Caminaban erectos, sus manos tenían movimientos finos que los de
cualquier animal, sobre todo, eran los poseedores de una nueva
expresión de vida: LA CONCIENCIA.
En los grandes reptiles del Jurásico o en las actuales, todo el sistema
nervioso central ocupa menos de una milésima parte del cuerpo, en
el ser humano comprende una proporción treinta veces mayor.
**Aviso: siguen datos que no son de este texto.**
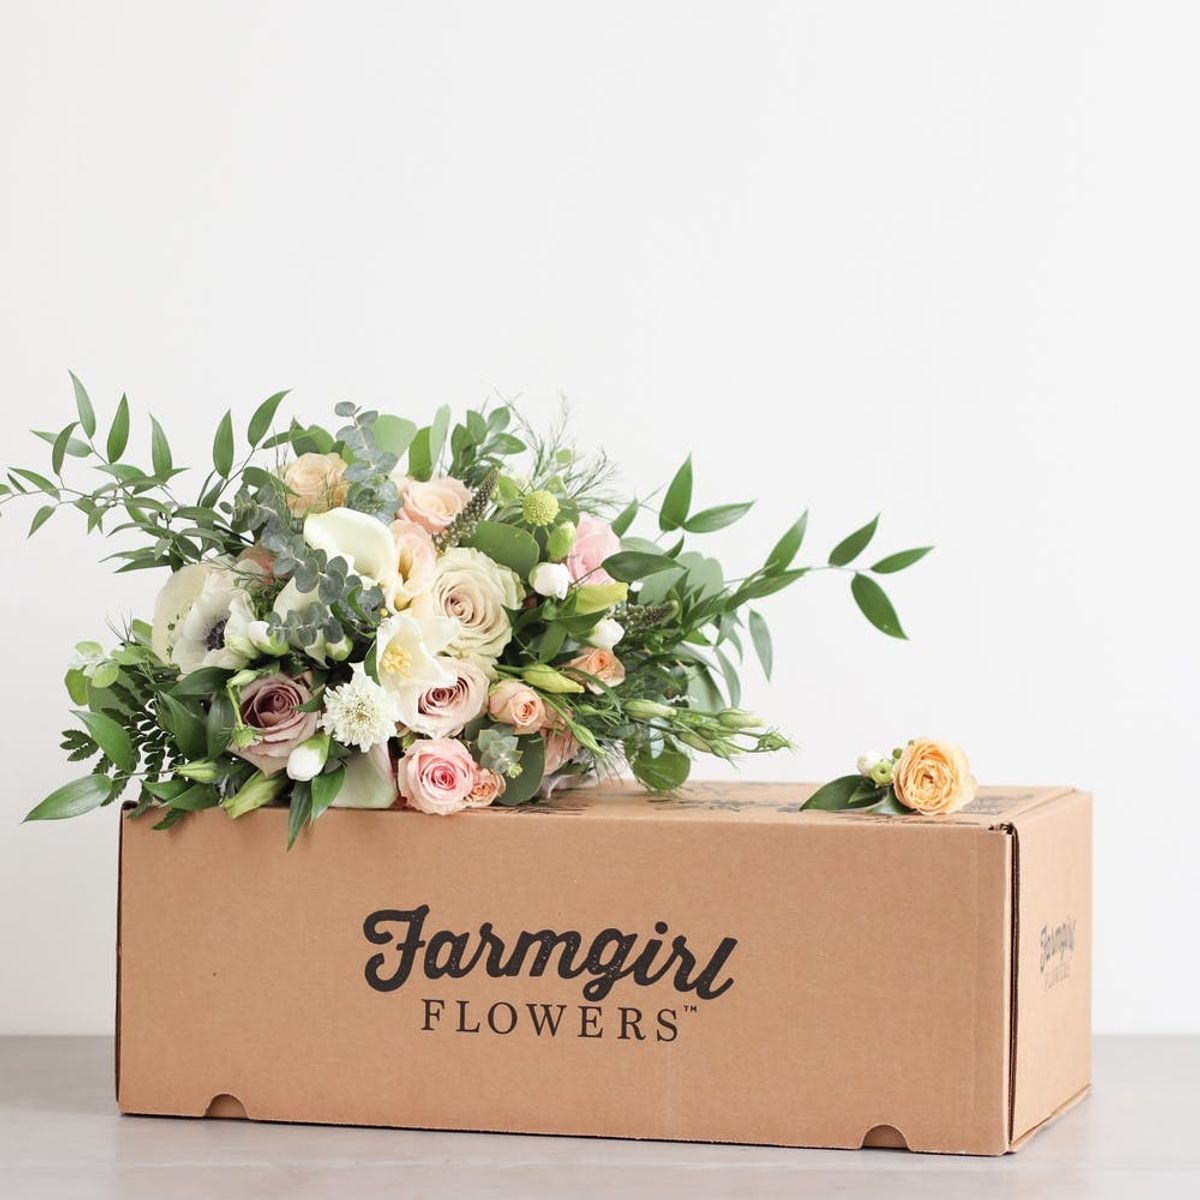 Our Fave Flower Delivery Service Just Made Wedding Planning So Much Easier

En algunas especies, hay áreas cerebrales proporcionalmente más
desarrolladas que el ser humano. El bulbo olfatorio de un roedor
como el de un conejo y el de un pez o una rana, ocupan
proporcionalmente una masa mayor que su contraparte en el
humano y algo similar ocurre con los núcleos de origen de los nervios
que conduce la información de los quimiorreceptores de la piel que
en el pez ocupan buena parte de la superficie corporal, en tanto que
los animales de vida aérea están circunscritos a la cavidad bucal. En
la corteza cerebral la zona que mayor desarrollo ha tenido entre los
mamíferos superiores, como veremos luego, este dato es uno de los
que ha llevado a inferir que es ahí donde reside la conciencia. Entre
las respuestas puramente reflejas de un espongiario, o un gusano y
la actividad consciente del ser humano, hay también gran número de
etapas de avance filogenético hacia formas de comportamiento más
variadas y precisas, que en nuestra especie culminan con la
emergencia de la actividad consciente. Explicar cómo el cerebro
produce lo que llamamos actividad mental en la siguiente y quizá la
frontera de la ciencia. Al igual que en lo anatómico, la evolución de
nuestros patrones del comportamiento es lineal. Los actuales
conceptos de la biología no bastan para comprender a cabalidad la
naturaleza de las interacciones que ocurren en las intricadas redes
neuronales del cerebro y de la forma en que, entre uniones
moleculares y señales eléctricas, generan el fenómeno que
llamamos mente.
La agresividad y la destructividad que nos permitieron sobrevivir en
competencia con otros animales y que, ahora, a menudo son un
lastre en ese camino hacia la razón.